Organizations that are starting out often just have simple test suites—read linters—that conduct static checks during development or at code check-in. With most mature application security programs, the teams work with developers to push more testing into the process, yet with the realization that too much testing can slow down development.

The more complex tools used by mature organizations, however, can overwhelm less mature developers and security teams. Rather than lure developers to code more securely, more complex tools often deter security.

For that reason, once a company has integrated simple quality and security tests, the development teams should try to tackle specific classes of vulnerabilities, such as SQL injection and cross-site scripting. The most common vulnerability classes, such as the OWASP Top 10, can be detected by many tools out there, many of which are open source.

In the end, the way to move forward is to not bite off more than you can chew. Your team should not try to solve every vulnerability, but pick one or two classes and start there.

3. Push automation everywhere

Companies believe that they have enough automation, with about two-thirds of respondents to the World Quality Report answering that they had the required automation tools and enough time to build automation tests.
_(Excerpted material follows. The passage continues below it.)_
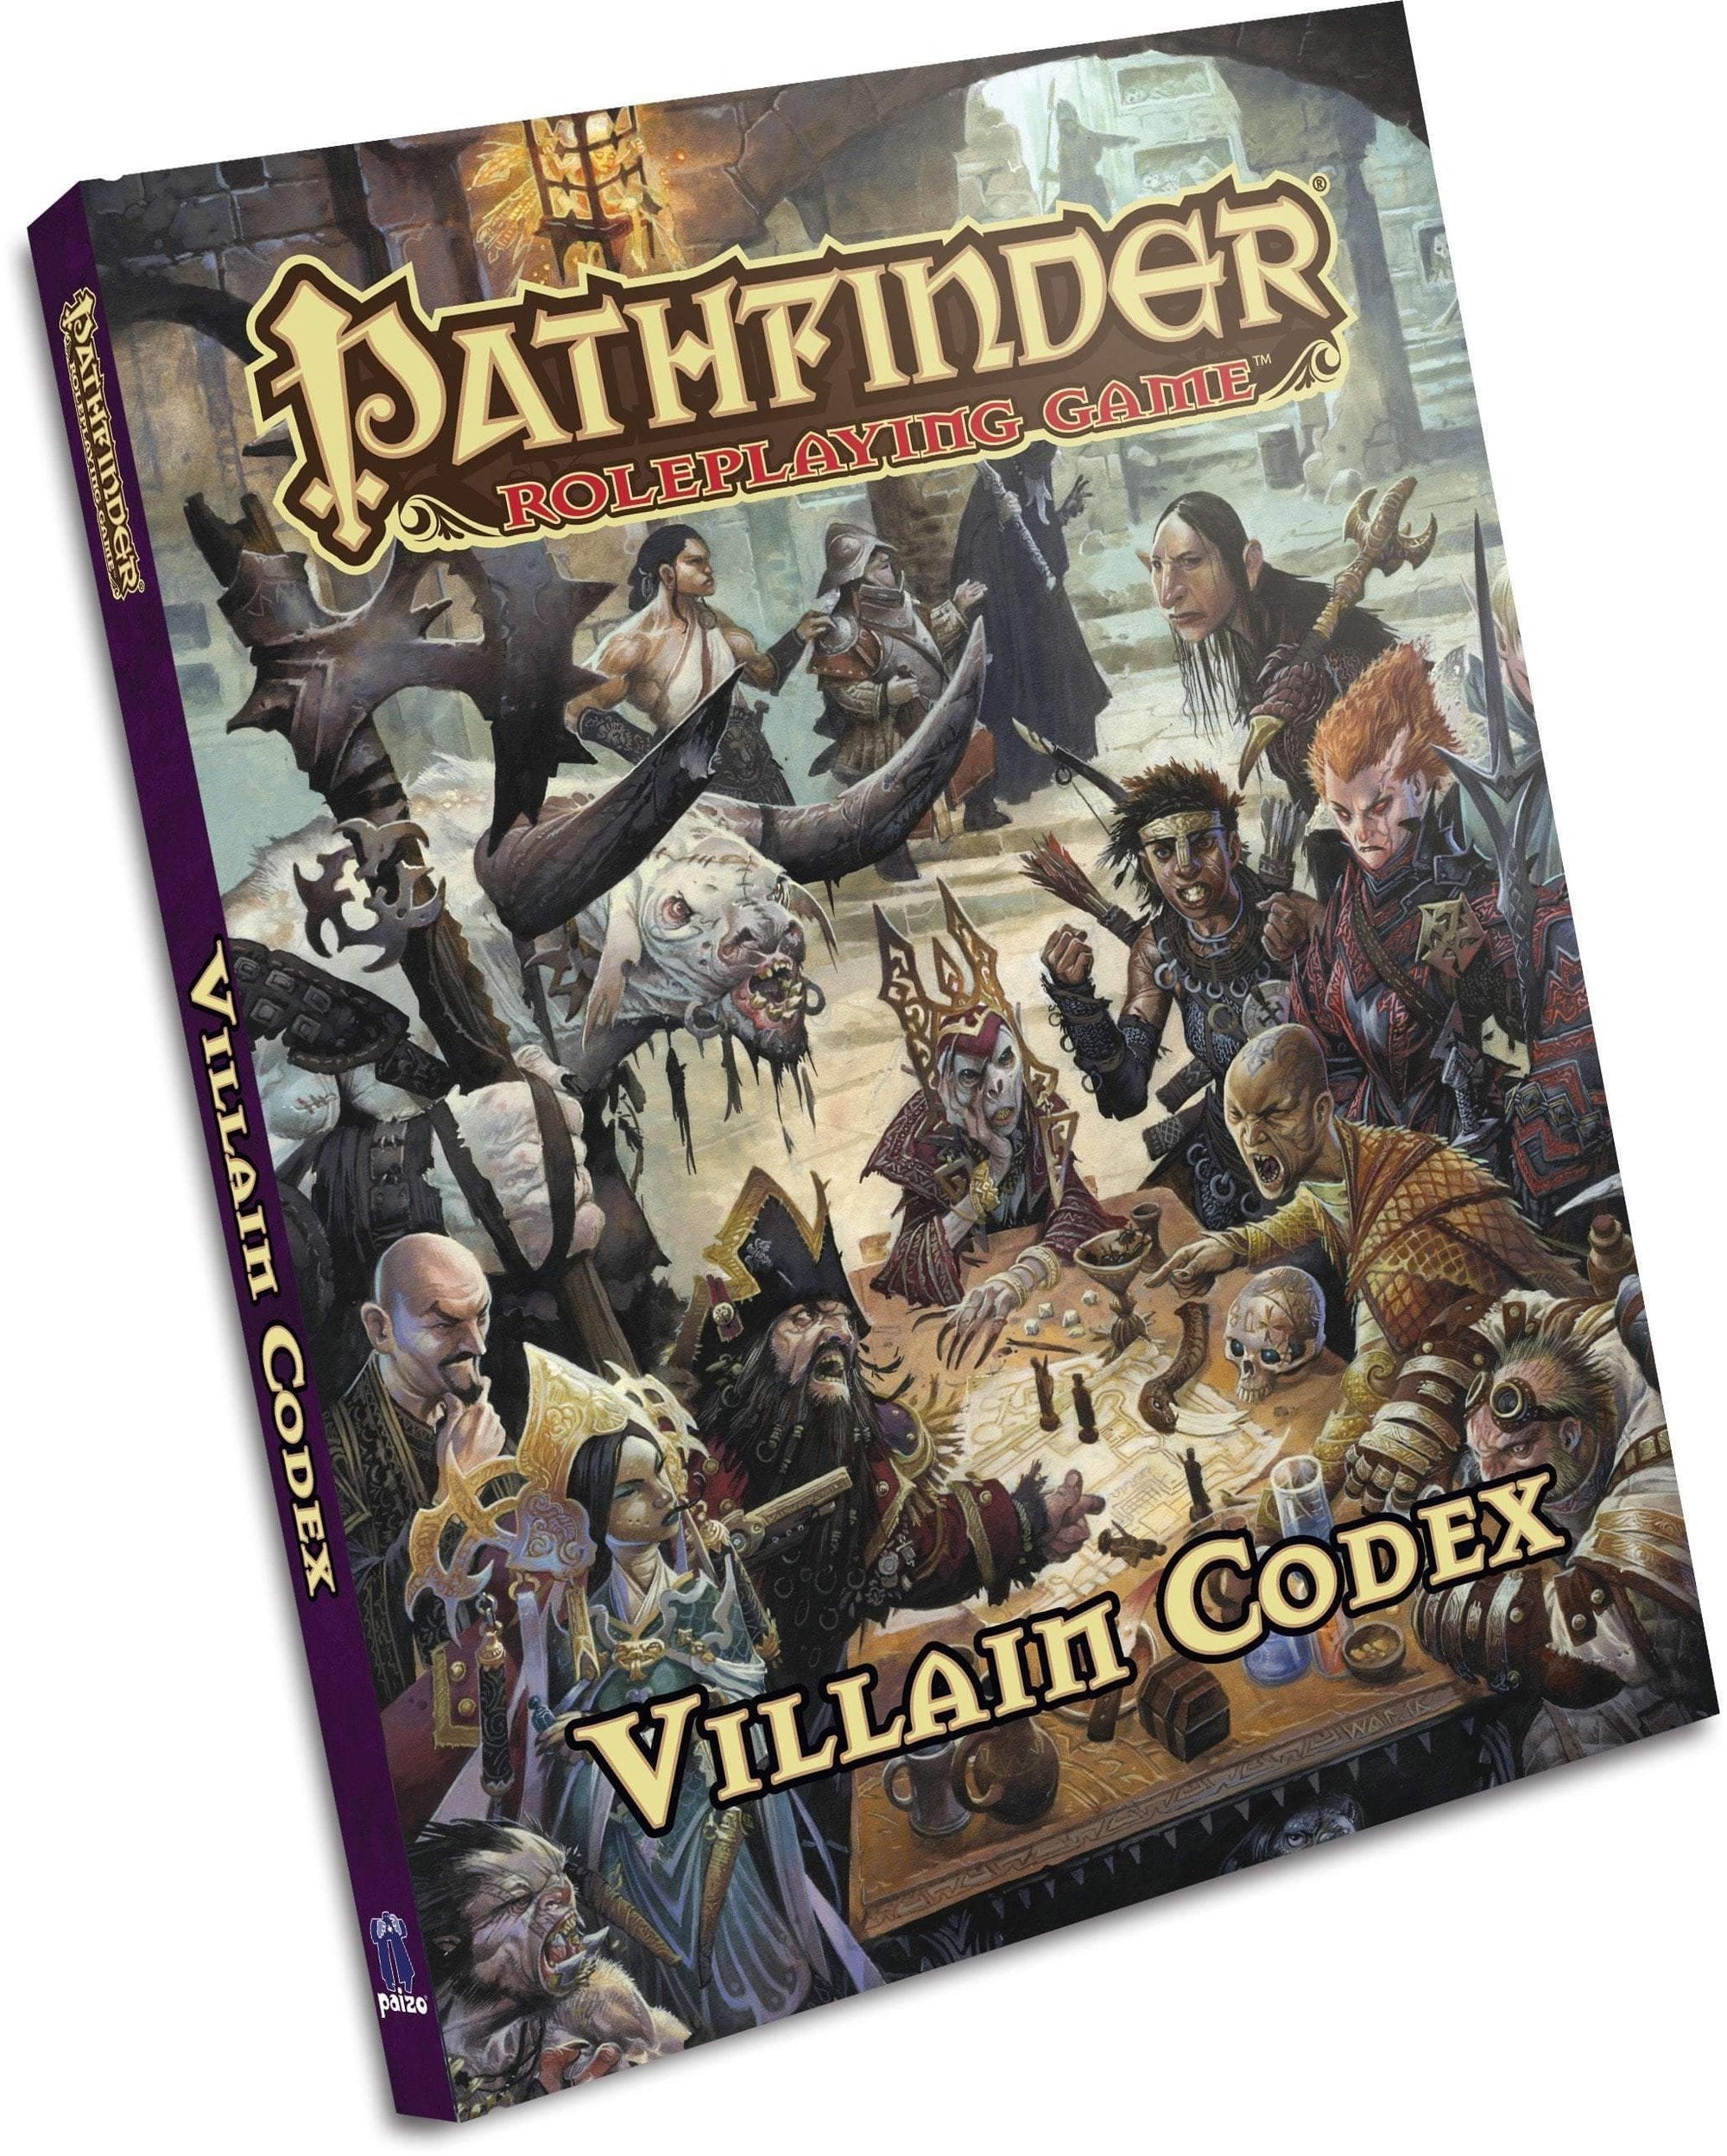 Pathfinder: Villain Codex Retail Rap Playing Game the Game Steward

However, an average of only 15% of tests were automated, and only 3% of companies automated more than 20% of tests, according to respondents.

Well-implemented automation leads to more secure and resilient code, since testing takes less time, can cover more software, and can lead to better detection of defects. Despite recognizing this, companies continue to underfund testing, according to the survey.

Given the importance in automated testing to prevent avoidable defects from creeping into code, automation—more than any other factor—will help your development and security teams become more mature and produce more resilient code.

Resilient code takes a village

Just like your first car should not be a Lamborghini, trying to move too quickly to high-performance and complex testing environments will result in problems. With these best practices you can scale up your development with a more resilient, longer-term approach.